2024, Nnimmo Bassey

This photograph shows a Nnimmo Bassey in front of an orange patterned background.

Nnimmo Bassey—architect, poet, and African environmental activist—addressed a packed Robertson Auditorium at the U-M Ross School of Business on Tuesday, September 10th, as he accepted the 2024 Wallenberg Medal for his outstanding humanitarian work.

“One of our key struggles has been to gain an understanding of the mindset that permits inequalities in our societies. The mindset that elevates might over care and love. The mindset that promotes the individual rather than the community. The mindset that refuses to understand that we are relatives.”

Nnimmo Bassey, 2024 Wallenberg Medalist

Bassey, speaking softly but powerfully, began his address to the audience of 500—ranging from high school students to retirees—by reminding listeners that Raoul Wallenberg, who studied architecture at Michigan “epitomized an exemplary human who was compassionate, humane, and sacrificial. His accomplishments are hard to match.” He continued, “I share a background as an architect with Raoul Wallenberg. However, what brings me into his sphere is not the construction of physical structures but the intersectionality, complexity, and mergers of spatiality and relationality. Since 1990, when the first medal was given, you have carefully highlighted the works of very distinguished individuals whose attainments dwarf whatever I may consider myself to have attained. It is thus with great humility that I stand before you all today.”

Bassey then paid tribute to the late U-M School for Environment and Sustainability (SEAS) Professor Bunyon Bryant, a pioneer of the environmental justice movement who died in April of this year, as a “great fighter against systemic racism and environmental hazards.”

Bassey spoke of a “polycrisis,” conventionally framed in geopolitical and sociological terms, the result of which is profound ecological devastation, with disproportionate impacts on “sacrifice zones,” places like the Niger Delta from which he hails and low-income countries and communities. By recognizing our shared humanity, by acknowledging that we are all relatives, related even to species that are not our own, we can in solidarity work toward solutions that benefit all living beings, Bassey entreated. “We are part of nature, not apart from it,” he told the audience.

“Acknowledging that we need one another is hard. Humans like to emphasize our differences, our uniqueness, our achievements, and our influences as exceptional, extraordinary, and distinguishing to the extent that we consider ourselves not only superior to other beings but also to other humans. Once some humans are considered as… others or even sub-human we essentially lose our humanity.” Such othering blunts the relationality of all beings.

Bassey concluded his formal remarks, “Today, I pledge to continue working for power from below and stress the urgent need to globalize social justice because we cannot build this needed change one territory at a time. I thank you for permitting me to remind us today that we are all relatives. Yes, we are relatives…. If capital can be globalized, hope can be globalized.” 

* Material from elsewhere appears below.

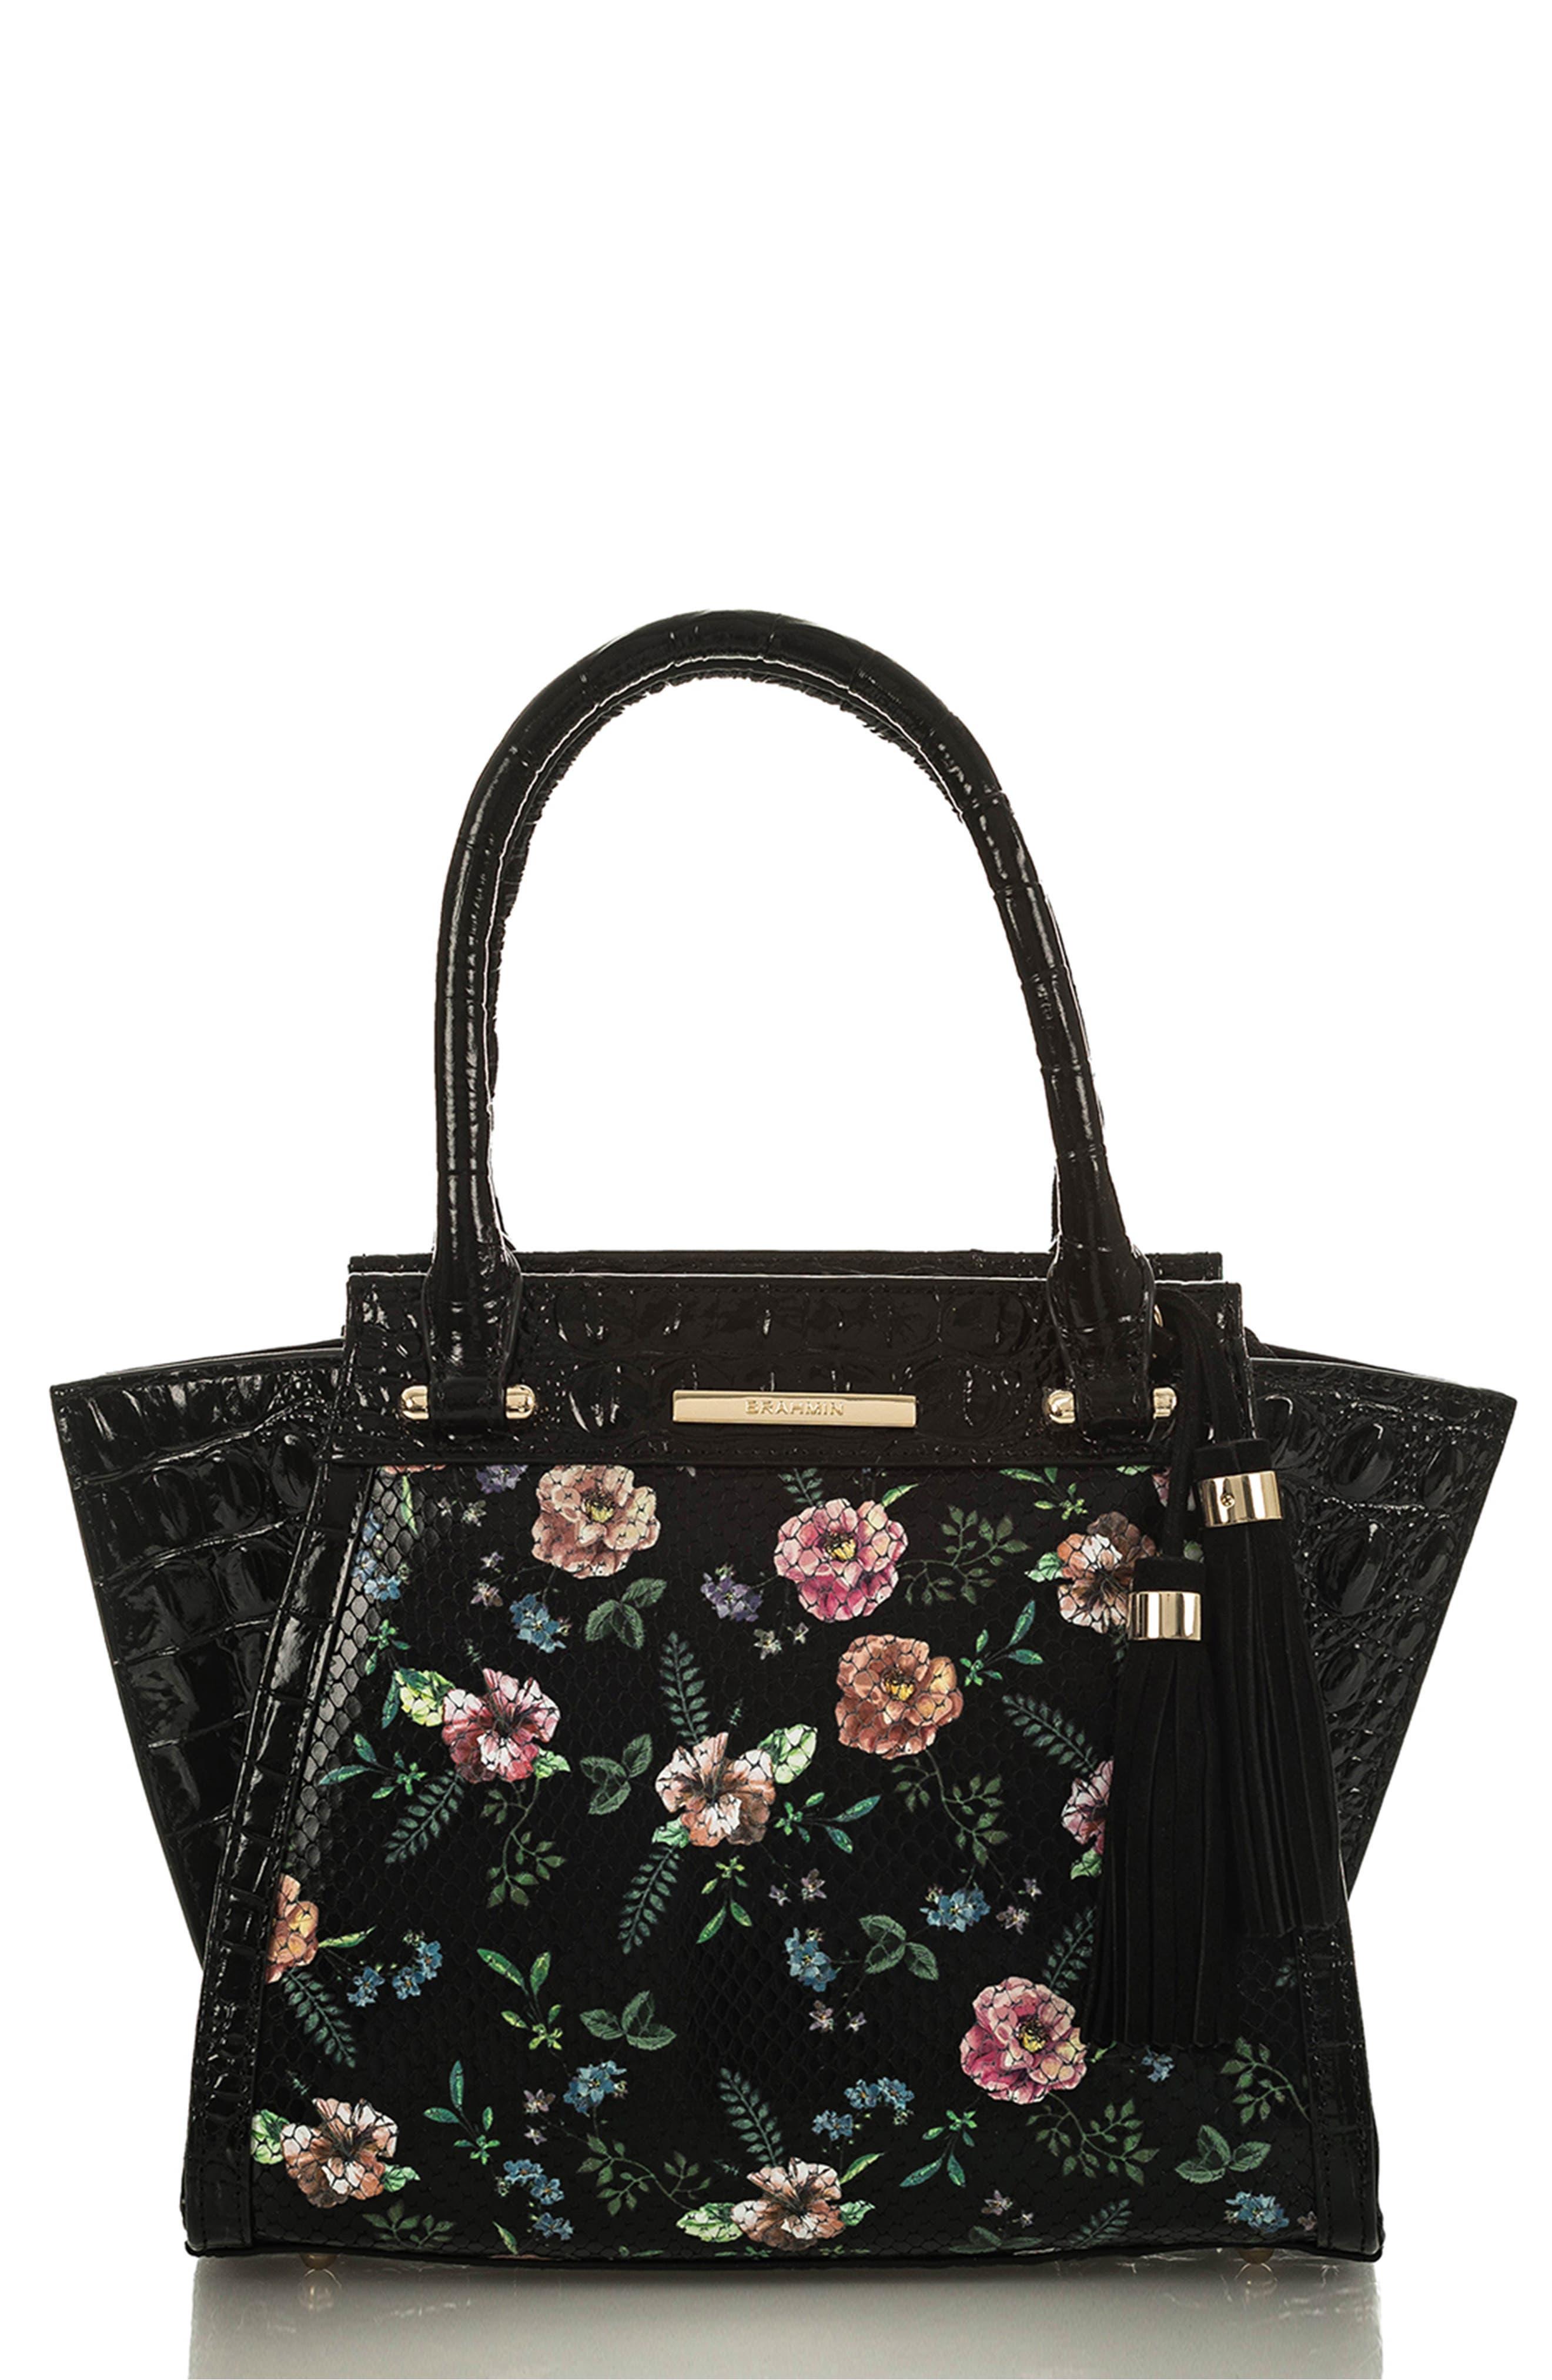 Mini Priscilla Floral Leather Satchel,                             Main thumbnail 1, color,                             BLACK THAMES
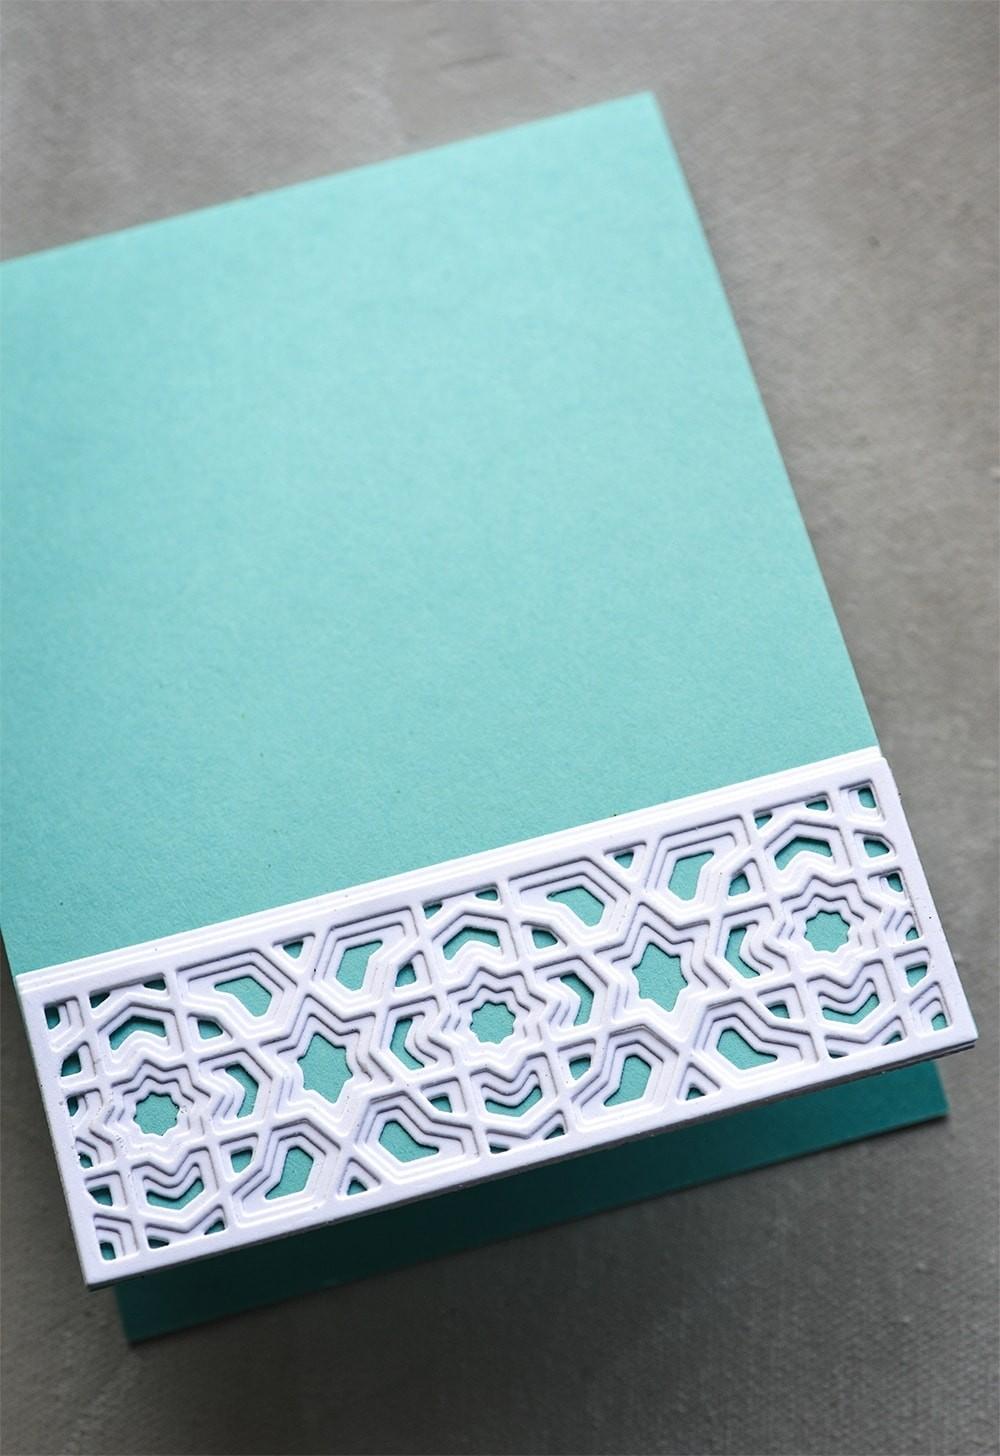 Birch Press Mini Grandiose Bevel Plate Layer Set 56101

Lecture attendees were greeted by Wallenberg Medal Executive Committee chair Siobán D. Harlow, Professor Emerita of Epidemiology, Global Public Health, and Obstetrics and Gynecology. In her welcoming remarks Professor Harlow said, “We honor tonight Dr. Nnimmo Bassey, who, like Raoul Wallenberg, trained as an architect. Yet upon seeing injustice, he dedicated his life to resisting the oil, gas, and coal extraction activities that destroy the environment and cause untold harm to the health and livelihoods of local peoples.” She continued, “He has a gift for envisioning alternatives and implementing at scale in defense of our mother earth, her peoples, and all living beings.”

Urban Ahlin, Ambassador of Sweden to the United States, next addressed the audience and offered reflections on Raoul Wallenberg, the U-M alumnus and Swedish diplomat whose memory the Medal and Lecture honor. He spoke, in particular, to current U-M students, reminding them that Wallenberg was once very much like them. “Wallenberg is not just a figure from the past. He is a role model of how to live with purpose in times of darkness. We need more people who embody Wallenberg’s spirit. And those people are sitting right here. He once was in your shoes, unsure of where life would take him.” Ambassador Ahlin told students they must not wait for permission to do what is right. 

Laurie K. McCauley, Provost and Executive Vice President for Academic Affairs, presented the Wallenberg Medal to Bassey, remarking that “You have shown us the necessity of not only seeing, but doing, and acting for climate justice.”

In keeping with the Wallenberg Medal tradition, the lecture was followed by an audience Q&A, moderated by Steven R. Ratner, Director of the Donia Human Rights Center and Bruno Simma Collegiate Professor of Law. Questions from audience members drew together topics from across Bassey’s areas of work—poetry, activism, architecture, education, and intergenerational engagement—allowing Bassey to remind the audience to speak up in order to be true to their conscience, “If you don’t say what needs to be said, it may never be said.” 


While at U-M, Bassey also participated in Let the Earth Breathe. Photo Exhibition and Poetry Reading, sponsored and presented by the Wallenberg Medal and Lecture, the African Studies Center, and the Department of Afroamerican and African Studies.